To determine the rate of and risk factors for clinical failure and return to military duty following primary patellar tendon repair with either transosseous trunnel repair or suture anchor repair.

Methods

The Military Health System Data Repository (MDR) was queried to identify all adult patients undergoing surgical treatment of a patellar tendon rupture in the Military Health System from 2014 to 2018. Patients who underwent either transosseous tunnel repair or suture anchor repair were included. Health records were examined to collect additional data. Univariate analysis and multivariate logistic regression models were used to determine independent risk factors for rerupture.

Results

A total of 450 knees in 437 patients were included. Transosseous tunnel repair was the most frequently used technique (314/450, 77%), followed by suture anchor repair (113/450, 25%). Rerupture occurred in 33 knees (7%). There was no difference in rerupture rate between transosseous tunnel repair and suture anchor repair (P = .15), and this result persisted within the multivariate logistic regression model. Among transosseous tunnel repairs, use of low tensile strength suture was an independent risk factor for repair failure (odds ratio [OR], 3.4; P = .016). Among suture anchor repairs, use of anchors 5.0 mm in diameter or greater (OR, 12.0; P = .027) was an independent risk factor for repair failure.

Conclusions

There is no statistically significant difference in failure rate between transosseous tunnel repair and suture anchor repair in primary patellar tendon ruptures.
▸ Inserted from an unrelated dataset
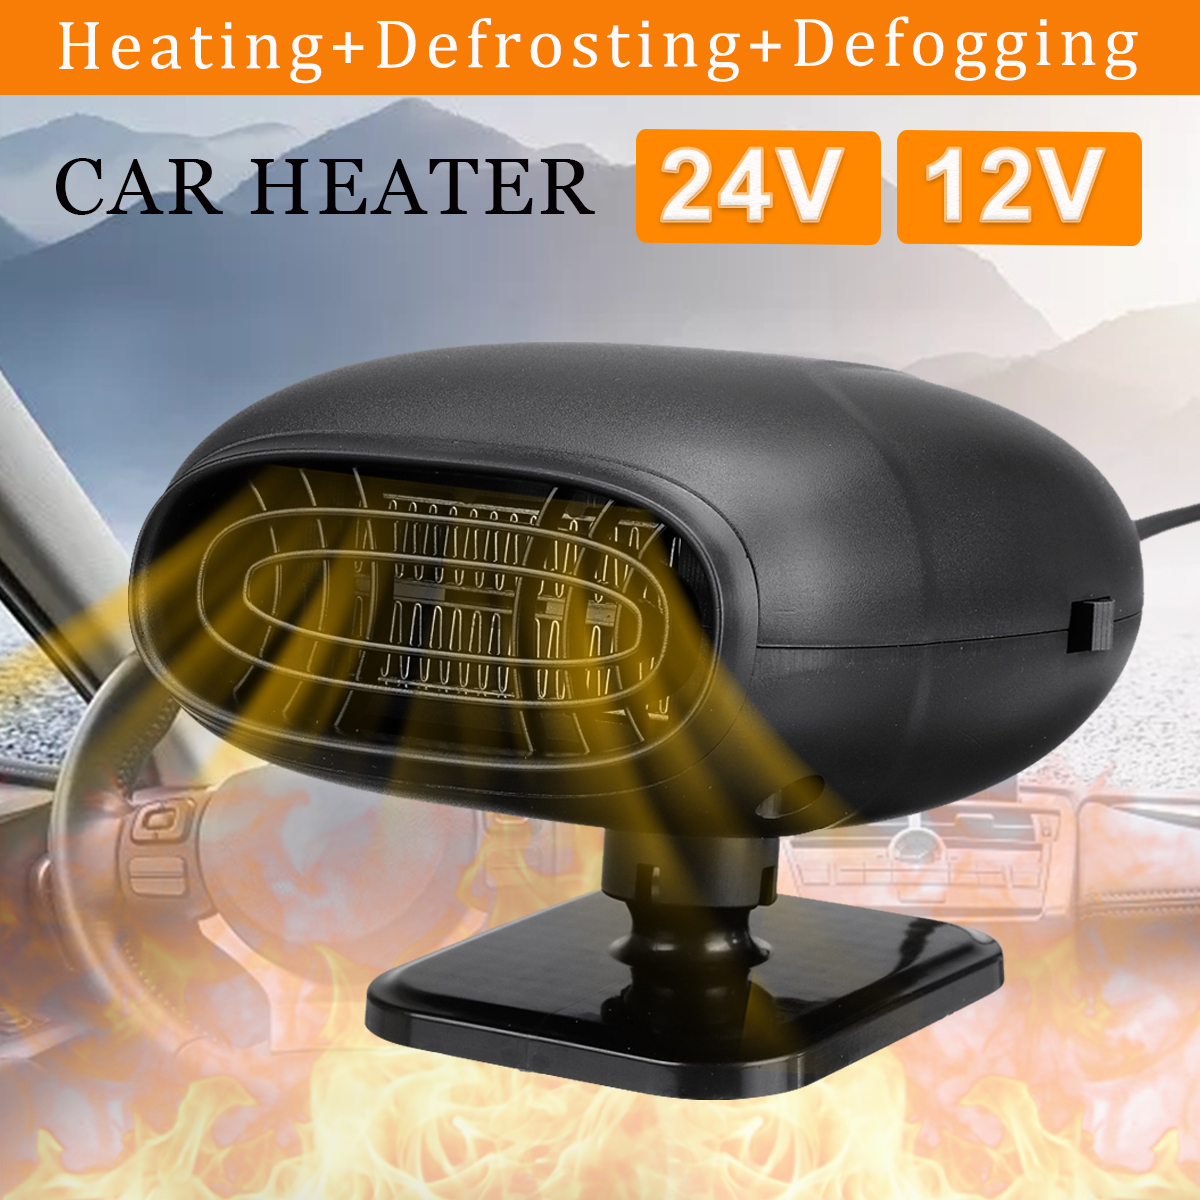 3-IN-1-12V24V-Portable-Vehicle-Heater-360deg-Rotating-Car-Auto-Electric-Heater-Heating-Cooling-Fan-D-1809957-1

However, the use of low tensile strength suture with transosseous tunnels and the use of suture anchors 5.0 mm in diameter or greater resulted in significantly higher failure rates. These data suggest that use of high tensile strength suture in transosseous tunnel repair and use of suture anchors less than 5.0 mm in diameter in suture anchor repair result in lower failure rate in primary patellar tendon repair.

Level of Evidence

Level III, retrospective cohort study.

经骨隧道的低拉伸强度缝合线和直径大于或等于 5 毫米的缝合锚与髌腱初次修复的较高失败率有关
目的确定经骨隧道修复术或缝合锚修复术进行初级髌腱修复术后临床失败率和重返部队的风险因素。方法查询军事卫生系统数据存储库(MDR),以确定2014年至2018年期间在军事卫生系统接受髌腱断裂手术治疗的所有成年患者。其中包括接受经骨隧道修复术或缝合锚修复术的患者。检查健康记录以收集更多数据。采用单变量分析和多变量逻辑回归模型确定再断裂的独立风险因素。经骨隧道修复是最常用的技术(314/450,77%),其次是缝合锚修复(113/450,25%)。33个膝关节(7%)发生了再断裂。经骨隧道修复术和缝合锚修复术的再断裂率没有差异(P = .15),这一结果在多变量逻辑回归模型中依然存在。在经骨隧道修复中,使用低抗张强度缝线是导致修复失败的独立风险因素(几率比 [OR],3.4;P = .016)。结论在原发性髌腱断裂中,经骨隧道修复和缝合锚修复的失败率在统计学上没有显著差异。然而,在经骨隧道中使用低抗张强度缝合线以及使用直径为 5.0 毫米或更大的缝合锚会导致明显更高的失败率。这些数据表明,在经骨隧道修复中使用高强度缝合线,在缝合锚修复中使用直径小于 5.0 毫米的缝合锚,可降低原发性髌腱修复的失败率。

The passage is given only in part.